Es frecuente situar en planos opuestos la conveniencia y la convicción, pero no siempre es acertado; pueden ser motivaciones compatibles incluso llevando la primera a las más elevadas convicciones.
Por alguna razón que se me escapa está asentada la idea de que las personas con convicciones son íntegras y buenas mientras que, aquellas tachadas de convenientes, son de menor calidad humana y menos fiables. Puede ser que, a priori, ofrezca mayor respeto y confianza quien actúa conforme ideas religiosas, éticas o políticas firmes frente al que lo hace en función del provecho que pueda obtener. Pero, no es menos cierto que todo depende de la calidad de la convicción o del interés que se persiga.
No pocas veces es mucho mejor un oportunista, dicho en el peor sentido de la palabra, que alguien aferrado a firmes convicciones equivocadas cuando no netamente nocivas. «La maté porque era mía», justificación tantas veces expresada con rotunda convicción, no deja de ser una aberración inaceptable. Igual cabría decir de otras tantas actitudes, desde el racismo al simple menosprecio, fruto de la convicción de creerse superior o con más o mejor derecho. De otra parte, dudar, no aferrarse a una idea o dejarse dominar por ella, y aprovechar las oportunidades para buscar el mayor beneficio no ha de ser algo intrínsecamente malo. Al contrario, puede ser muy conveniente.
Alguien dijo que las convicciones son un lujo para quienes se mantienen al margen; lo mismo cabría decir del dudar. No se trata de ejercer de indeciso compulsivo, apuntarse al relativismo para evitar comprometerse o ser un veleta, pero de ahí a no plantearse la conveniencia de nuestras convicciones hay un abismo. Aunque el término conveniente suele emplearse en sentido peyorativo refiriéndose a alguien que antepone su interés, si lo que se persigue le hace bien y a nadie daña no hay razón para no apreciar la conveniencia de buscarlo y menos aún para denostar a quien lo hace. Más aun, estando dotados de la capacidad de razonar y sentir es imperdonable no dudar y discernir. Indagar lo que de verdad conviene a uno, experimentarlo y actuar convenientemente en consecuencia no sólo puede afianzar convicciones, ayuda a descartar las negativas y permite descubrir otras nuevas y mejores.

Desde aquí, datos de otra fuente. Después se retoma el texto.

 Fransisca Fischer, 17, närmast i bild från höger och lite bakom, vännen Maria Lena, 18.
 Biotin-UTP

Siendo muy diversas las motivaciones que llevan a las personas a actuar, desde los impulsos más instintivos hasta las más profundas reflexiones, no cabe duda de que la convicción y la conveniencia ocupan lugar destacado. Razones que, a su vez, son moldeadas por la experiencia. Con el paso de los años, los conocimientos adquiridos, las vivencias, todo el caudal acumulado de sentimientos, no sólo permite pulir convicciones, además haber experimentado lo que realmente conviene más allá de la mera conveniencia oportunista, posibilita asentar firmemente creencias.

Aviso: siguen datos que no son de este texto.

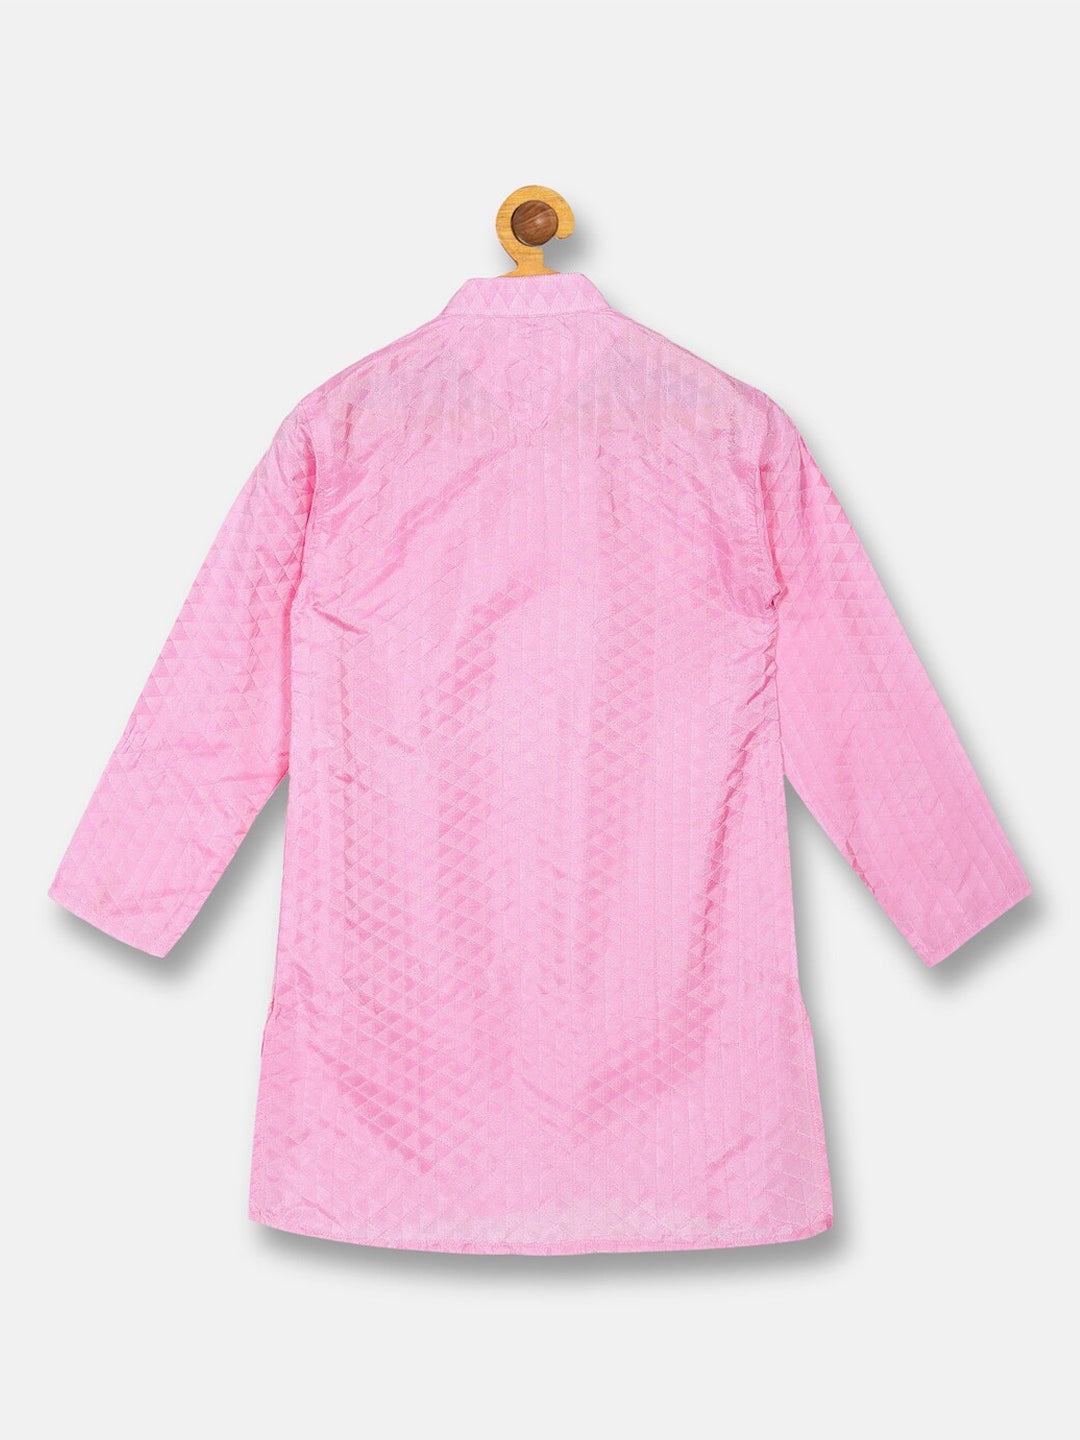 Sethukrishna Boys Pink Kurta with Pyjamas set - Distacart

Un buen ejemplo lo tenemos en la contestación que cabe dar a quien pregunta ¿por qué crees en Dios? Cuestión tan razonable podría despacharse afirmando: «soy cristiano por la gracia de Dios». Pero, siendo respuesta tan aparentemente sencilla como rigurosa, pues la gracia divina es la fuente de la fe, quizás sea insuficiente para nuestro interlocutor. Así que, dando un paso más, cabría apuntar dos ideas. Primero que, por ser seres libres, es cuestión de cada cual llegar al convencimiento de la existencia de dicha fuente de gracia y beber o no de ella. Segundo que, decidir hacerlo, ha venido propiciado en muchos casos por haber experimentado la gracia en carne propia. Sí, por haber sentido a lo largo de la vida que, a pesar de las exigencias que entraña, acercarse a la fuente lleva a ser más feliz, más libre y a conocer que el desarrollo humano puede alcanzar horizontes inimaginables. De esta manera, descubrir lo conveniente que resulta aceptar la gracia divina por benéfica y provechosa, torna dicha conveniencia en poderosa razón para llegar a la convicción de creer en la existencia de Dios.